69 mins: A nice touch here from Mourinho – he’s taken off Balotelli to give a run out to 87-year-old Luis Figo. United, meanwhile, have replaced Scholes with Anderson.

70 mins: Rooney booked for a late tackle on Maicon. He looks confused, perhaps because English refs, mysteriously, rarely punish him for his recklesness.

73 mins: Ibrahimovich jumps half-heartedly at a delicious Muntari cross, allowing the ball to hit his chin and wobble out of play. Unacceptable. Meanwhile, Manikandan Viswanathan has got back in touch to inform us that the “East Bengal’s match has been postponed due to a mutiny”.

76 mins: Another disgracefully inaccurate effort from Ibrahimovic draws jeers from the crowd. Meanwhile, here’s a Best Prada Outlet In Milan good point from Chris Wells: “Why is everyone banging on about United doing the clean sweep? They’ve already lost the European Super Cup this season, didn’t they?”

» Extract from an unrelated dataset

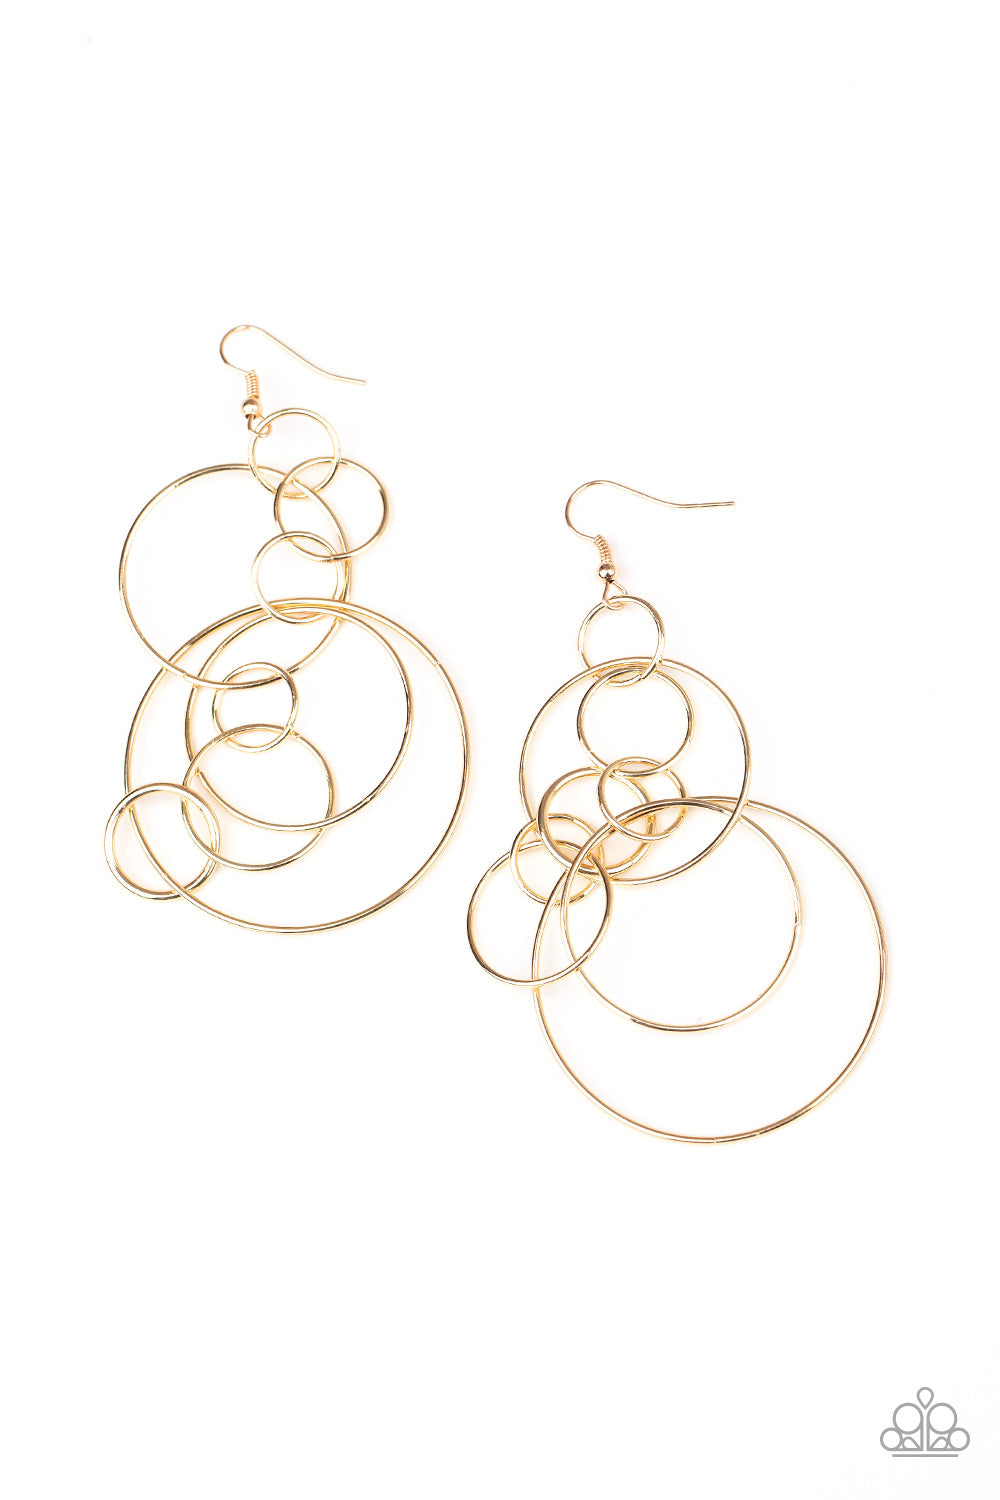 Paparazzi Running Circles Around You - Gold Hoop Earrings - A Finishing Touch

77 mins: Giggs fires in a corner and Ibrahimovic clears. “If I had a shot of grappa for every time Sky Italia said ‘anything can still happen’, I’d have alcohol poisning,” groans JC Fantechi.

79 mins: Figo collects the ball just outside the box and shapes up to shoot …. before passing the ball 30 yards backwards. Hasn’t anyone told him the score?

80 Agatha Ruiz Dela Prada Online Shop mins: Inter are going out with a whimper. “Am I alone in wanting to know more about this mutiny?” shudders Paul Neilan. Manikandan, would a MBM be out of the question?

82 mins: Figo attempts to outrun Anderson – a man one sixth his age – with predictable consequences.

84 mins: German commentators giggle across the Fatherland as Ronaldo lines up another freekick. And he gets this one on target too, forcing Julio Cesar to bat it away.

86 mins: Now that just takes the biscuit: Inter pieced together a decent move and had men in the box when Ibrahimovic received the ball on the 18-yard line. He tried to … well, I’m not sure what he tried to do … but what he actually did was scrape the ball with his studs in such a way that it rolled apologetically to Ferdinand, who was two yards away and managed to fend off alughter long enough to smash the ball clear.

88 mins: Inter have a corner, for all the Agatha Ruiz Dela Prada Online Shopping good it’ll do them. Figo skillfully picks out BErbatov on the far side of the pitch. “Here in Italy, the commentator has just described that latest Ibrahimovic cock-up as ‘his first error of the night'”. Sounds like Italian television is as bad as their football league.

90 mins: It’s quite dispiriting really, this English dominance in Europe. United have not had to play paritcularly well to dispose of the Italian champions.

Full-time No dancing down the touchline from Mourinho, just a slightly strained United stroll into the quarter-final. “Best player in the world?” scoffs Dennis Campbell. “Carlton Cole is better than Ibrahimovic.”